BEGIN EXERCISE MATERIALS

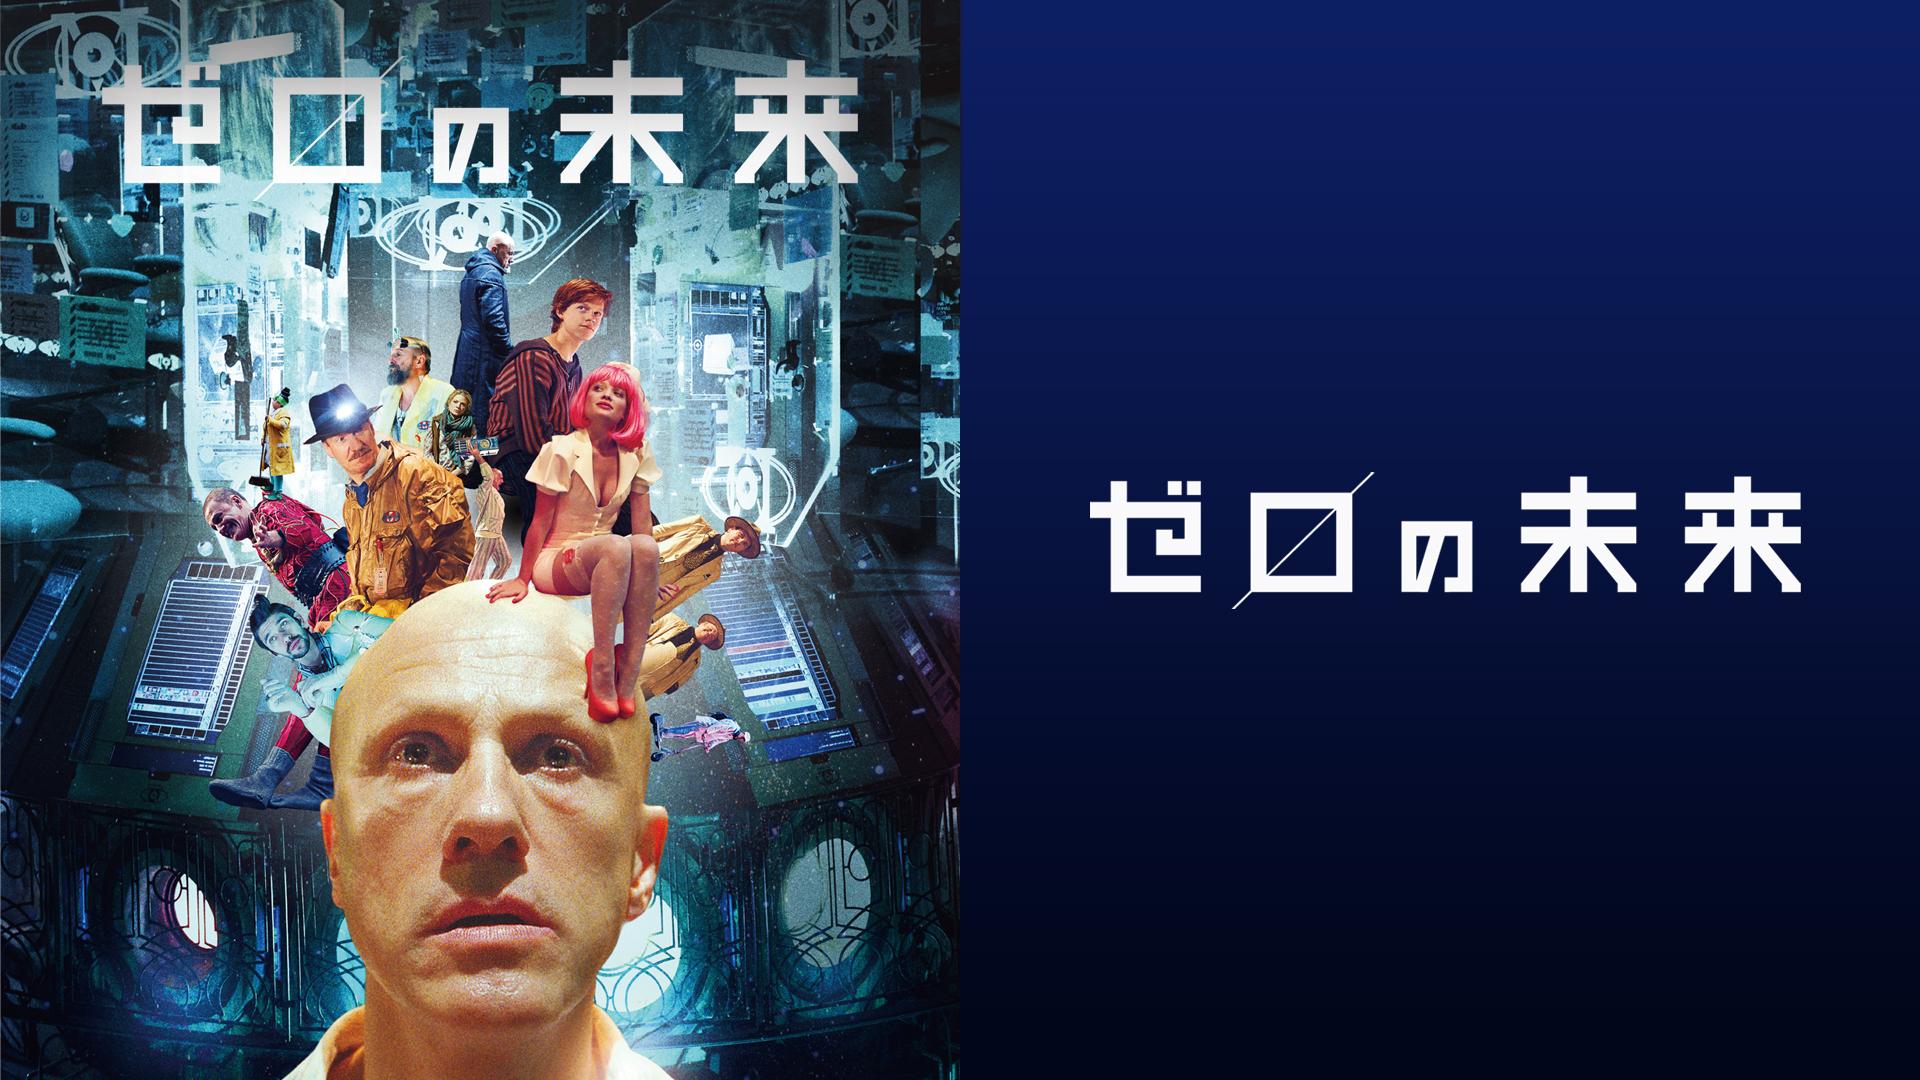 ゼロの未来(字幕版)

END EXERCISE MATERIALS
BEGIN EXERCISE MATERIALS

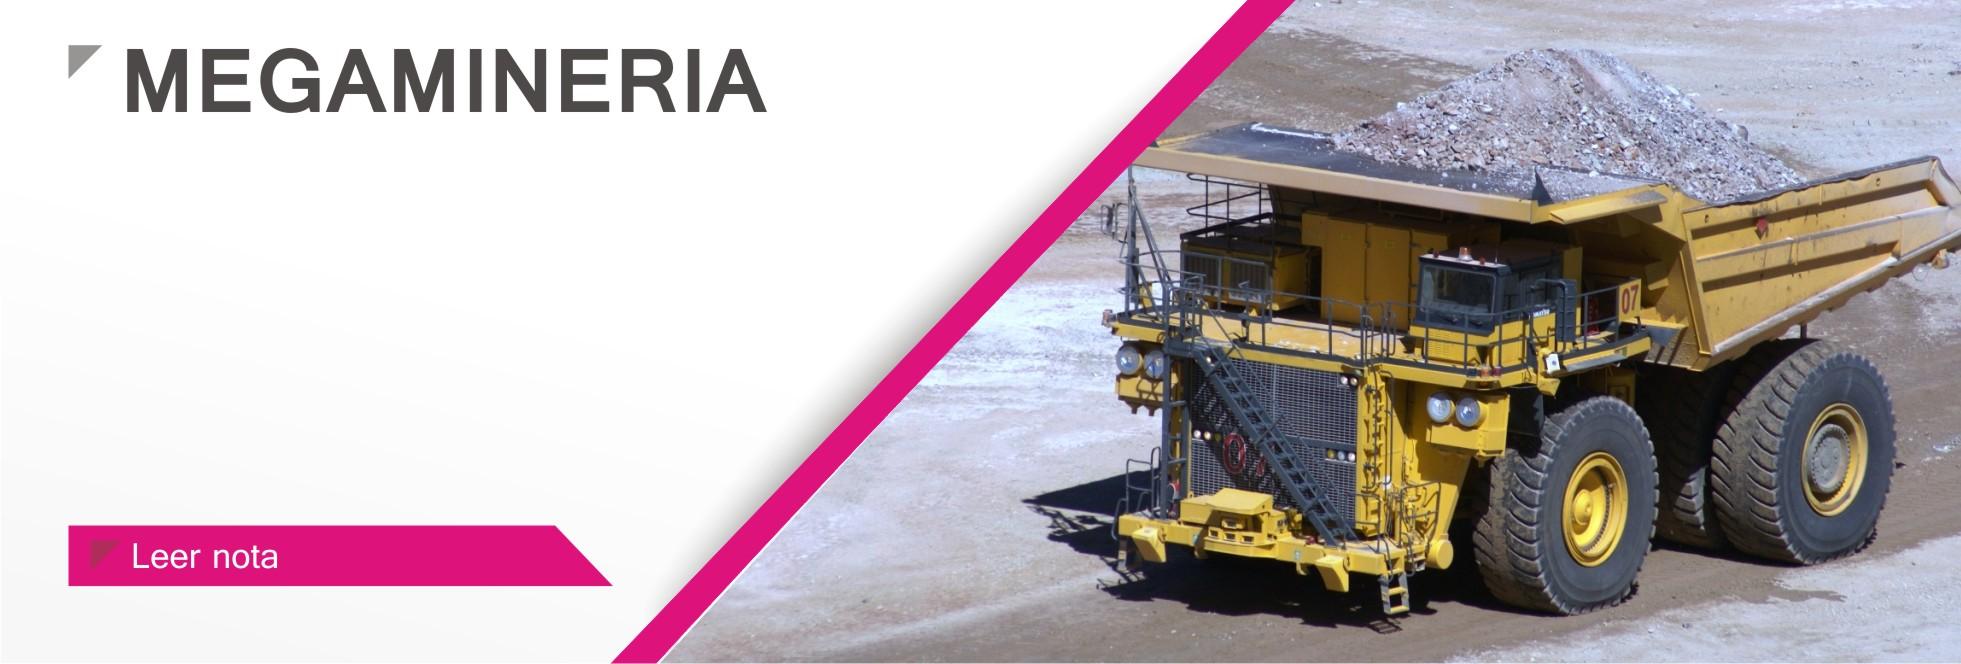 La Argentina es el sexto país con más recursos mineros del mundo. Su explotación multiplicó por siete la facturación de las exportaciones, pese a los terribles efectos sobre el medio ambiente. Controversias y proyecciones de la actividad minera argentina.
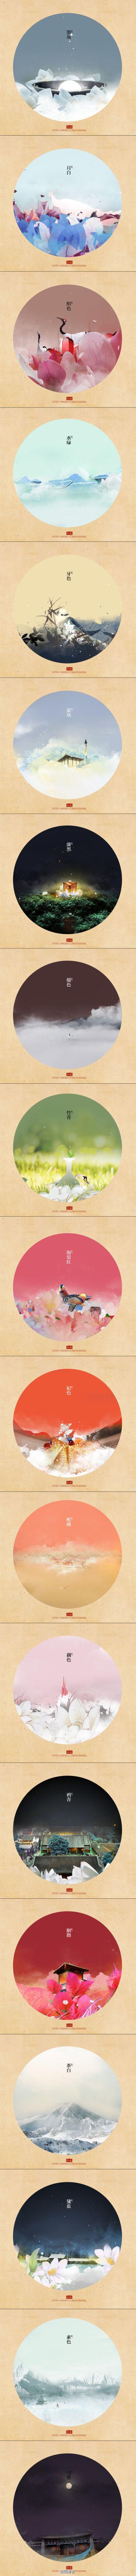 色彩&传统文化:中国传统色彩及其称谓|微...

END EXERCISE MATERIALS

_WHAT YOU WILL DO_
Given the listing above, repeat exactly the lines starting at the one with "La Argentina es" and ending at the one with "色彩&传统文化:中国传统色彩及其称谓|微...", inclusive, excluding pictures.

_EXERCISE SOLUTION_
 La Argentina es el sexto país con más recursos mineros del mundo. Su explotación multiplicó por siete la facturación de las exportaciones, pese a los terribles efectos sobre el medio ambiente. Controversias y proyecciones de la actividad minera argentina.
 色彩&传统文化:中国传统色彩及其称谓|微...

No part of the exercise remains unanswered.